(GIVEN INFORMATION Opens)
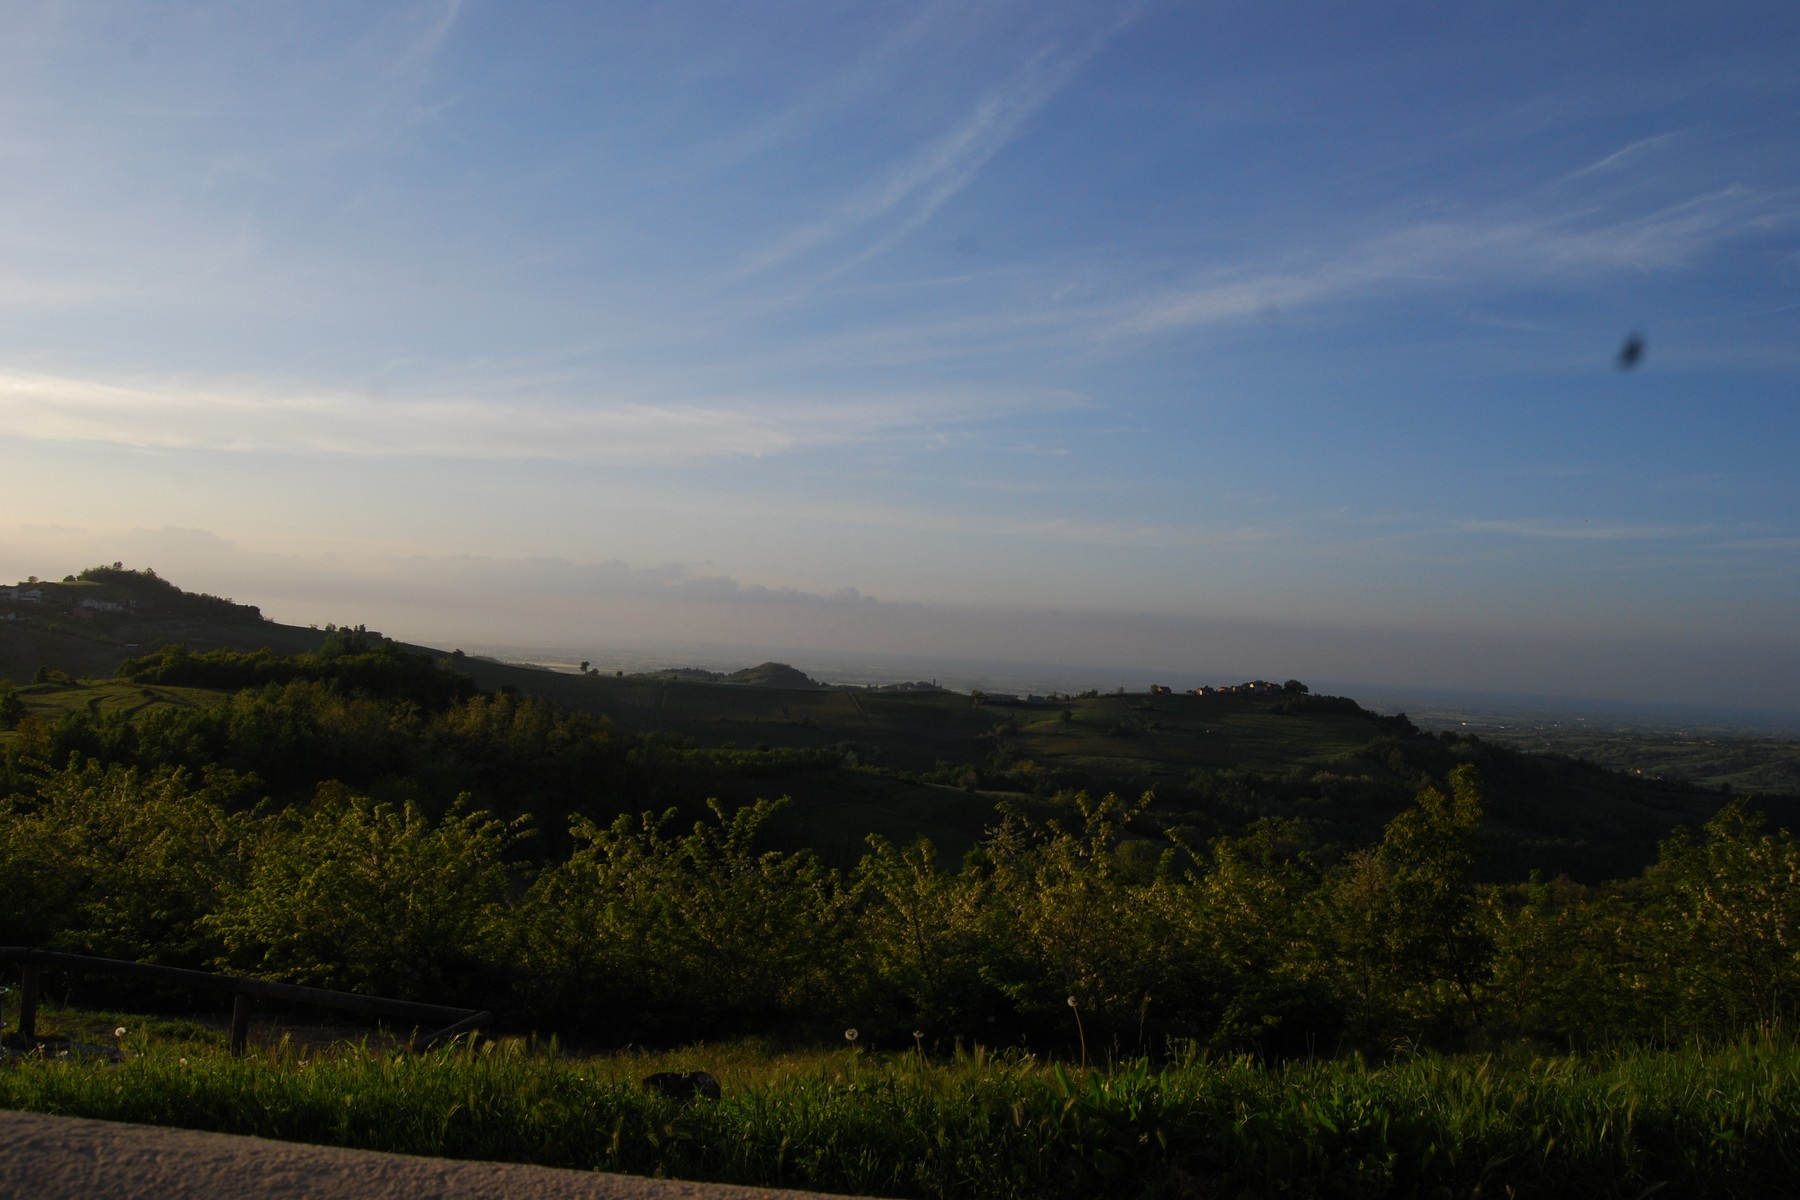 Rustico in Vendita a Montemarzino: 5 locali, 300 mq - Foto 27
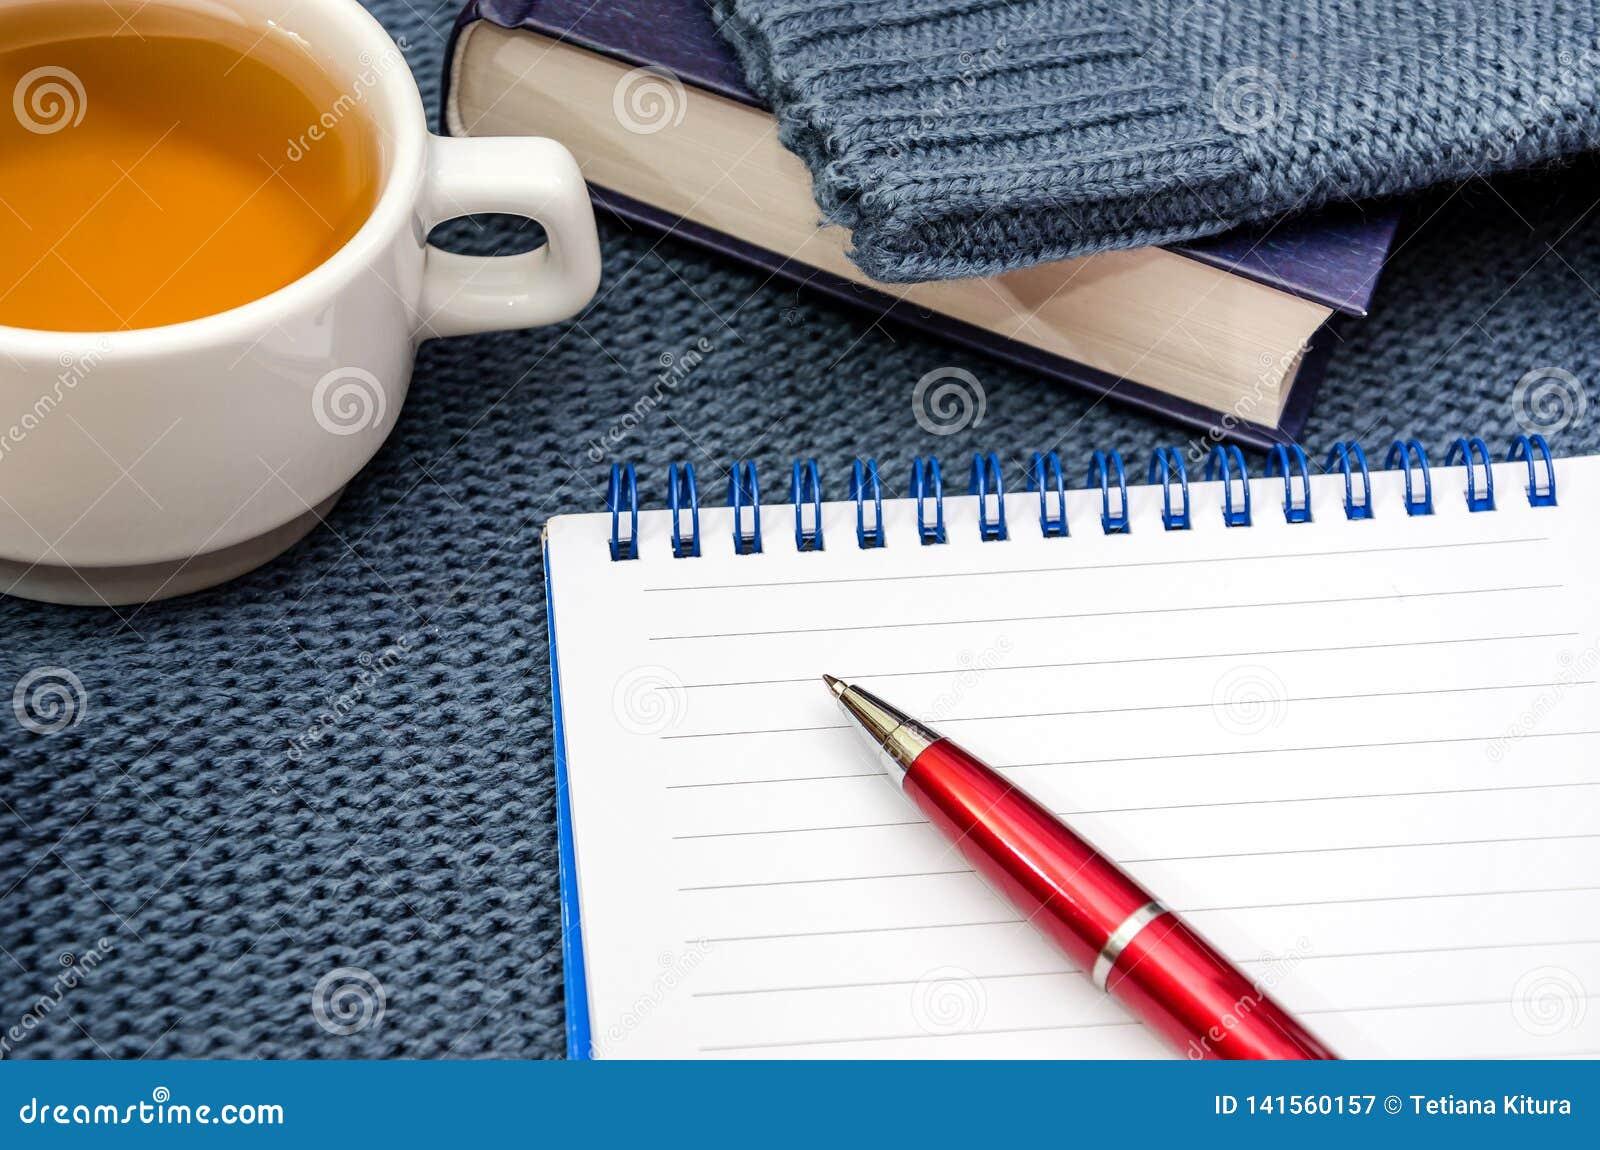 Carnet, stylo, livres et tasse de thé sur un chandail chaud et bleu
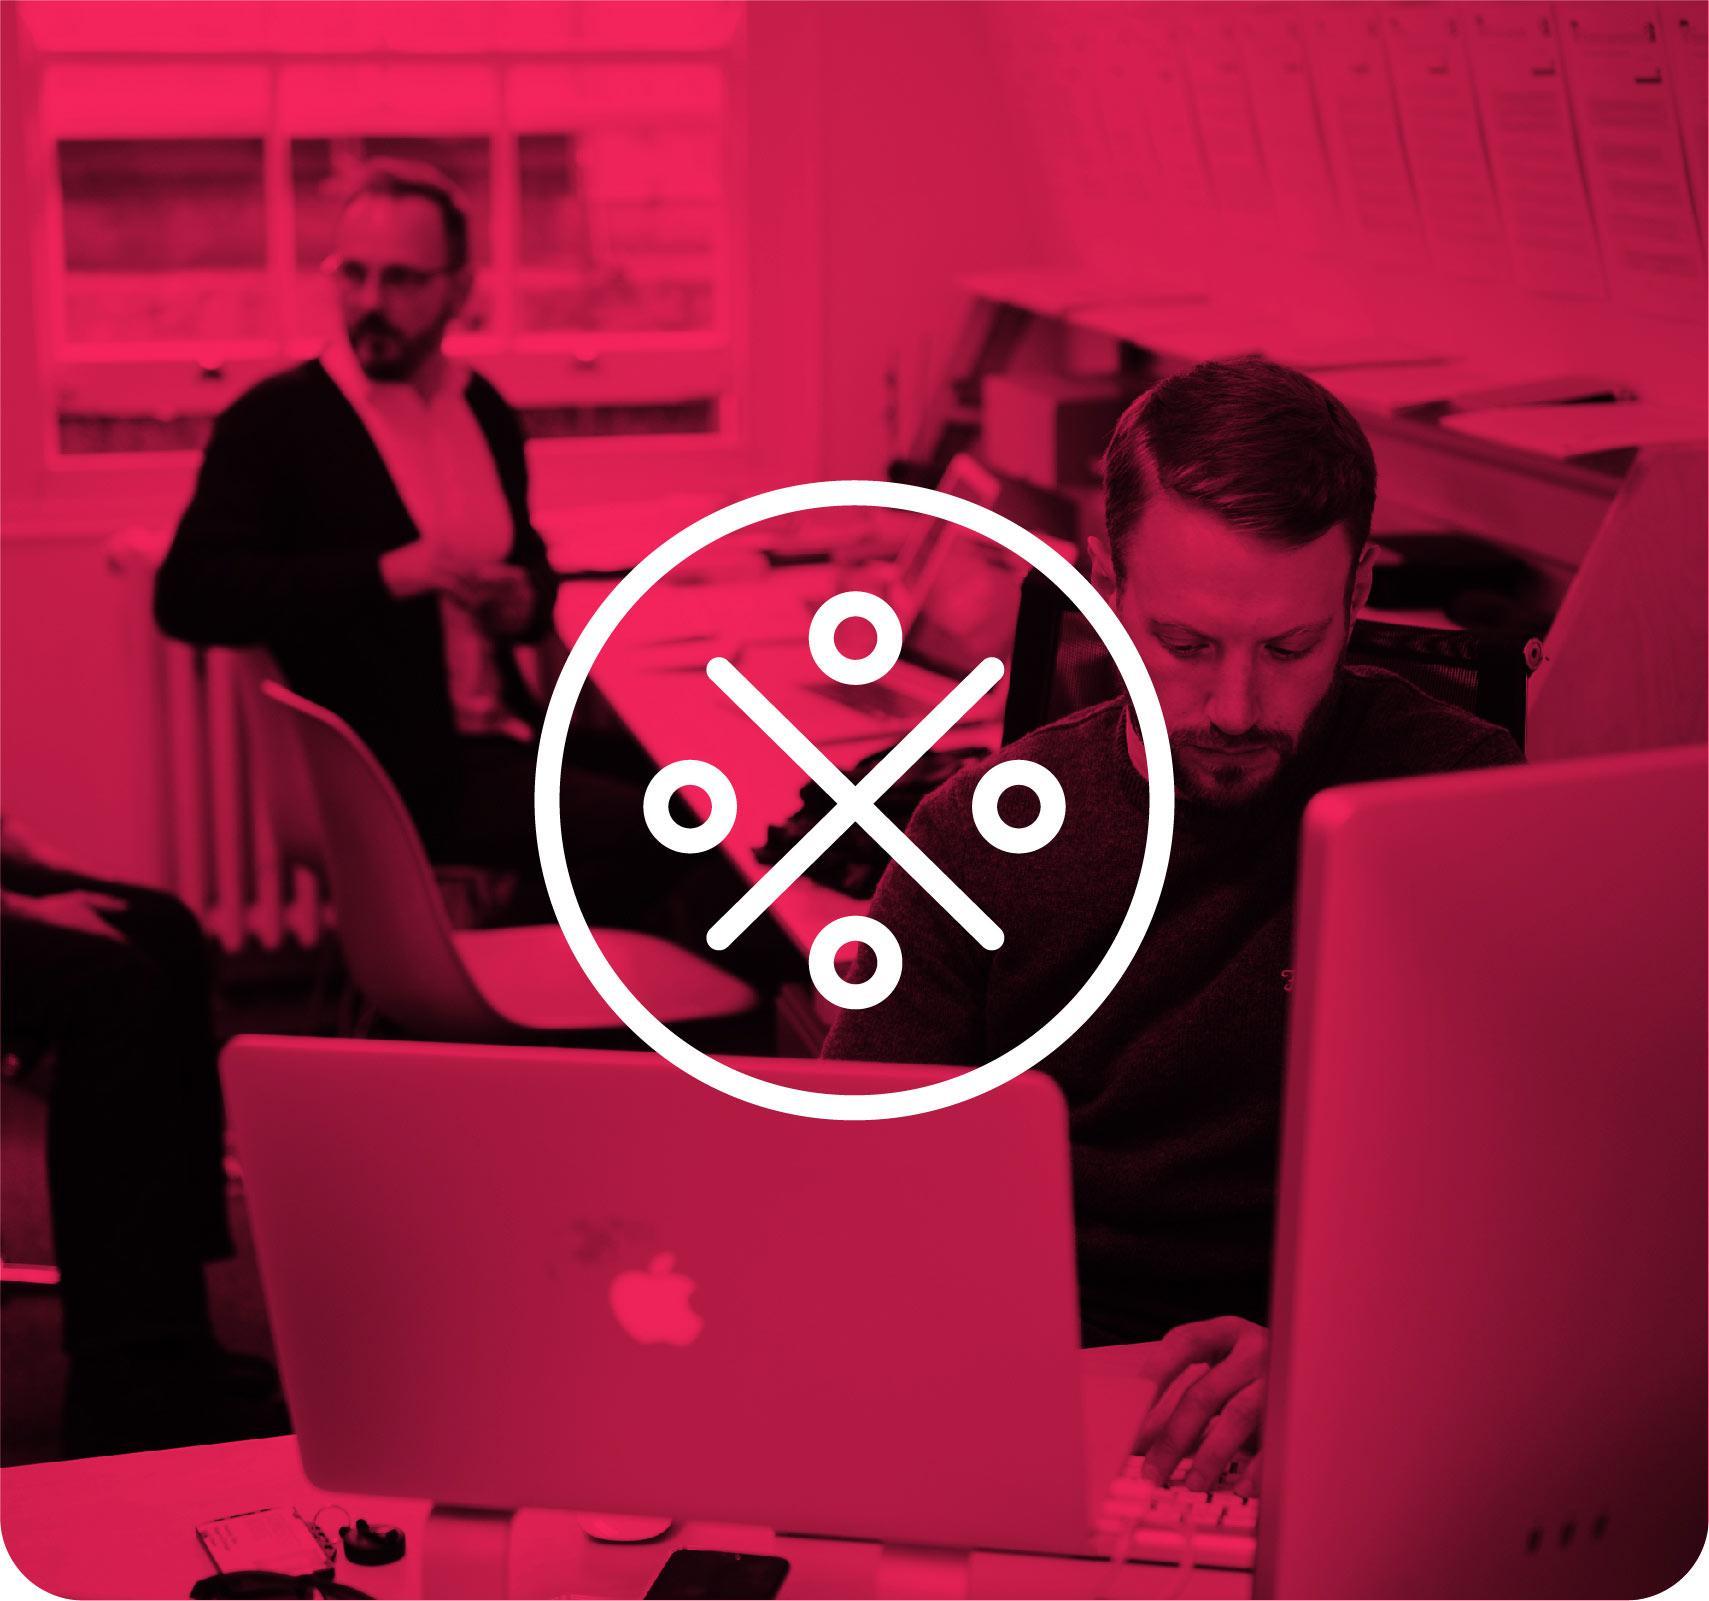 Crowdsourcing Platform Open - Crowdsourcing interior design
(GIVEN INFORMATION Closes)
*WHAT YOU NEED TO DO*
Nothing but the pictures should be left out when the material above is copied.

*SOLUTION BELOW*
 Rustico in Vendita a Montemarzino: 5 locali, 300 mq - Foto 27
 Carnet, stylo, livres et tasse de thé sur un chandail chaud et bleu
 Crowdsourcing Platform Open - Crowdsourcing interior design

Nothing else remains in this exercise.